Но он лишь сильнее сжимал ей локти.

– Моеэй станэшь… Моеэй, – шептал монстр. – Станэшь виться змэёй… Кричать… Просить…

Крапива закричала и… проснулась. Ночь была темна и густа, не сразу поймёшь, где небо, где земля. Монстр же под Крапивой был живым, большим и горячим. Она дёрнулась, и что-то обхватило её за плечи. Девка забилась, силясь сбросить пелену кошмара. А потом вспомнила.

Битву в деревне и кровь; пламень и рассыпающиеся под сапогами угли; звон металла, крики и коня, на котором просила Шатая увести себя в степь.

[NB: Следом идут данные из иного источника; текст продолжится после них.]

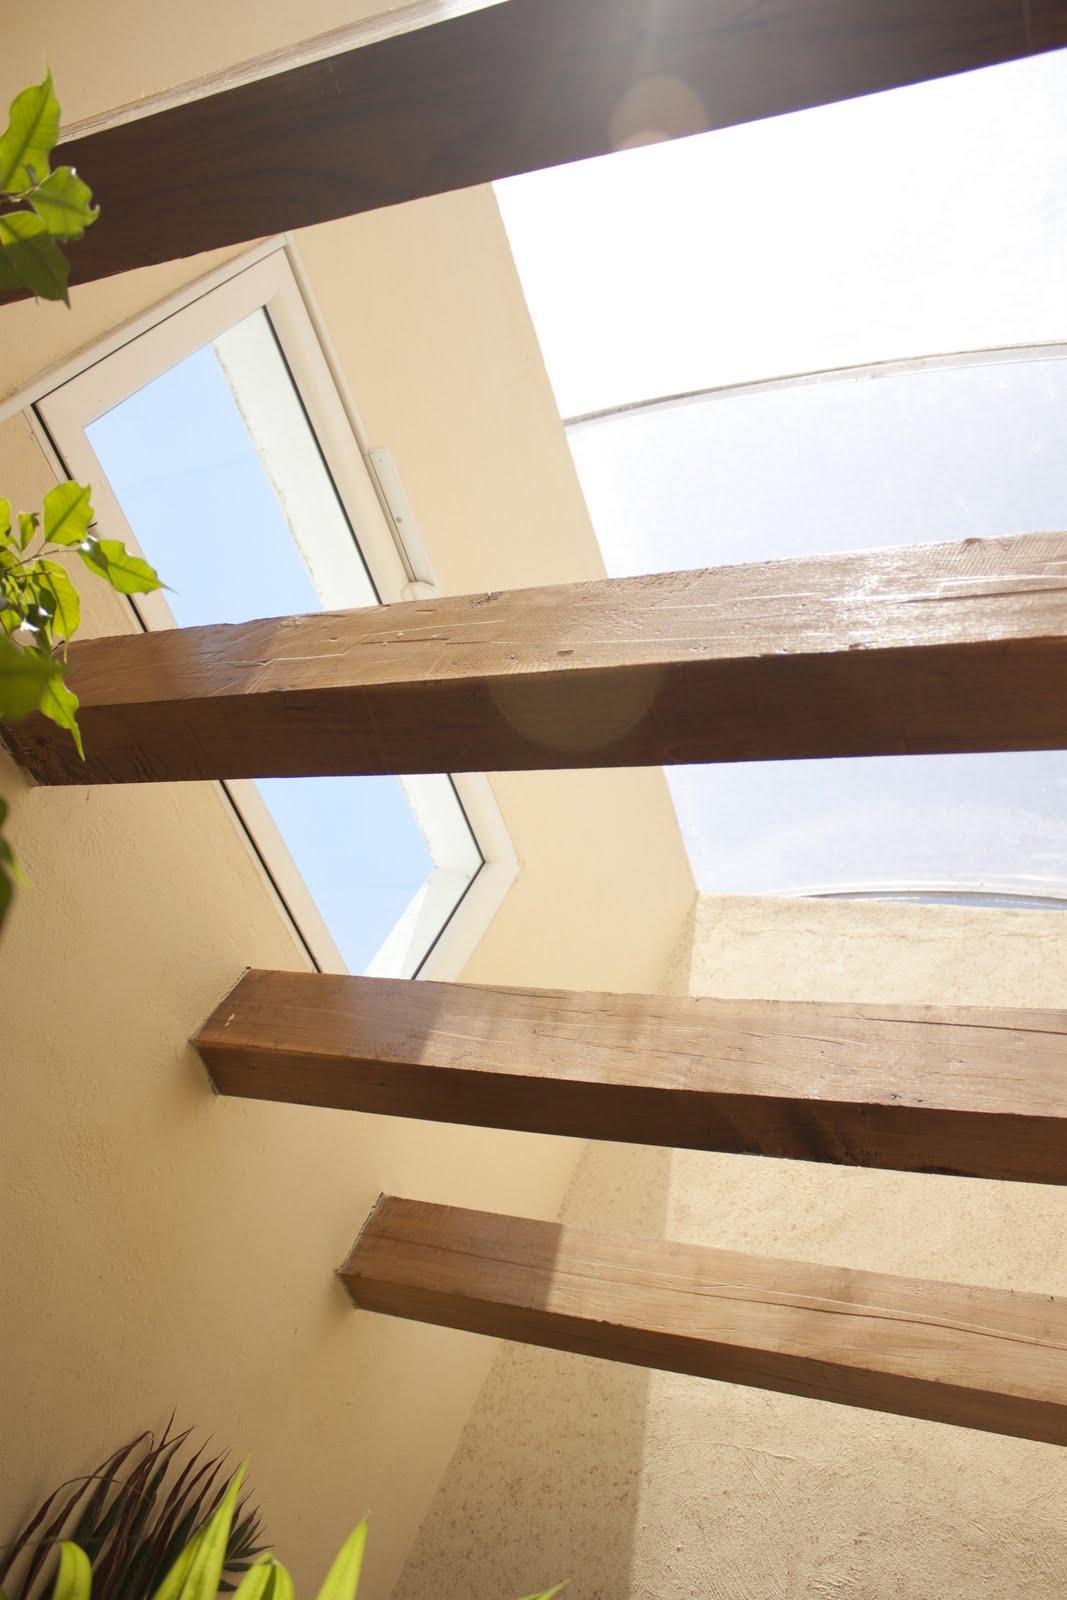 Interiores arquitect nicos pinkaiz - Vigas de madera para techos ...
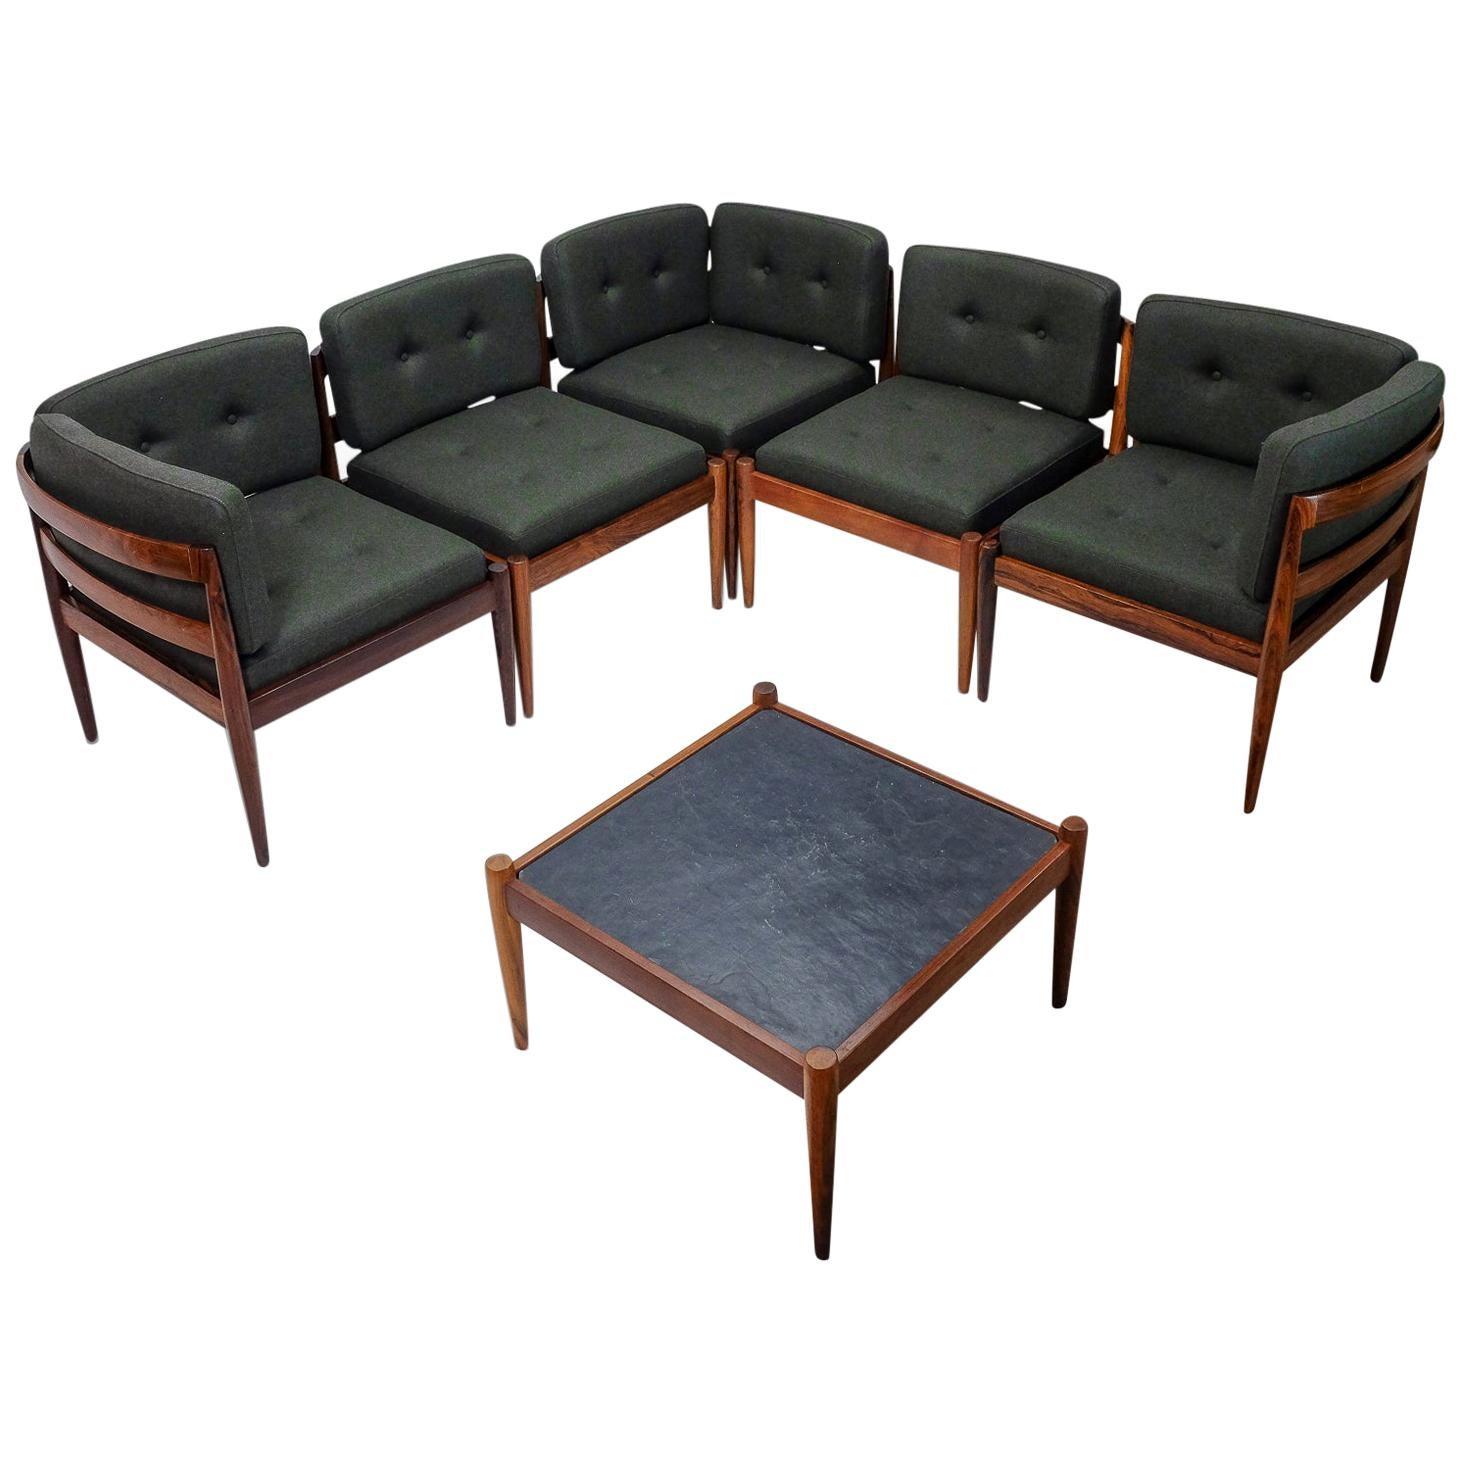 Danish Design Kai Kristiansen Seating Group Model Universe, 1960s

Шатай сидел позади и тихонько пел. Была то ласковая и нежная песнь, каковые складывают для любимых, но кошмар сделал её угрозой. Он придерживал её, чтобы не свалилась, и Крапива испугалась, что хвороба больше не защищает её от жадных ладоней. Лишь после смекнула, что кто-то обернул её плотным одеялом, лишив свободы, оттого таким страшным сделался сон. Она тихонько позвала:

– Шатай!

– Нэ спишь большэ?

– Где мы?

Шлях вдохнул сладко и глубоко.

– Дома. Напугалась?

Травознайка напугалась мало не до смерти ещё в Тяпенках. Нынче же, уразумев, что сотворила, и вовсе как дышать забыла. Напросилась со шляхами! В Мёртвые земли! Сама напросилась!

– Что молчишь?

Крапива выдавила:

– Да…

– Нэ бойся. Нэ дам в обиду.

Руки его держали поводья и покоились по обе стороны от девичьего тела навроде объятий. И оттого делалось ещё хуже, хоть спрыгивай наземь да бегом беги. Но справа и слева ехали ещё шляхи – всё племя Иссохшего Дуба, за вычетом погибших. И один из них вёз пленника. Власу доля выпала всяко страшней, чем Крапиве, но жалеть его не выходило. Княжича разве что к Хозяйке Тени отправят, а вот что удумают сделать с девицей, ещё неизвестно.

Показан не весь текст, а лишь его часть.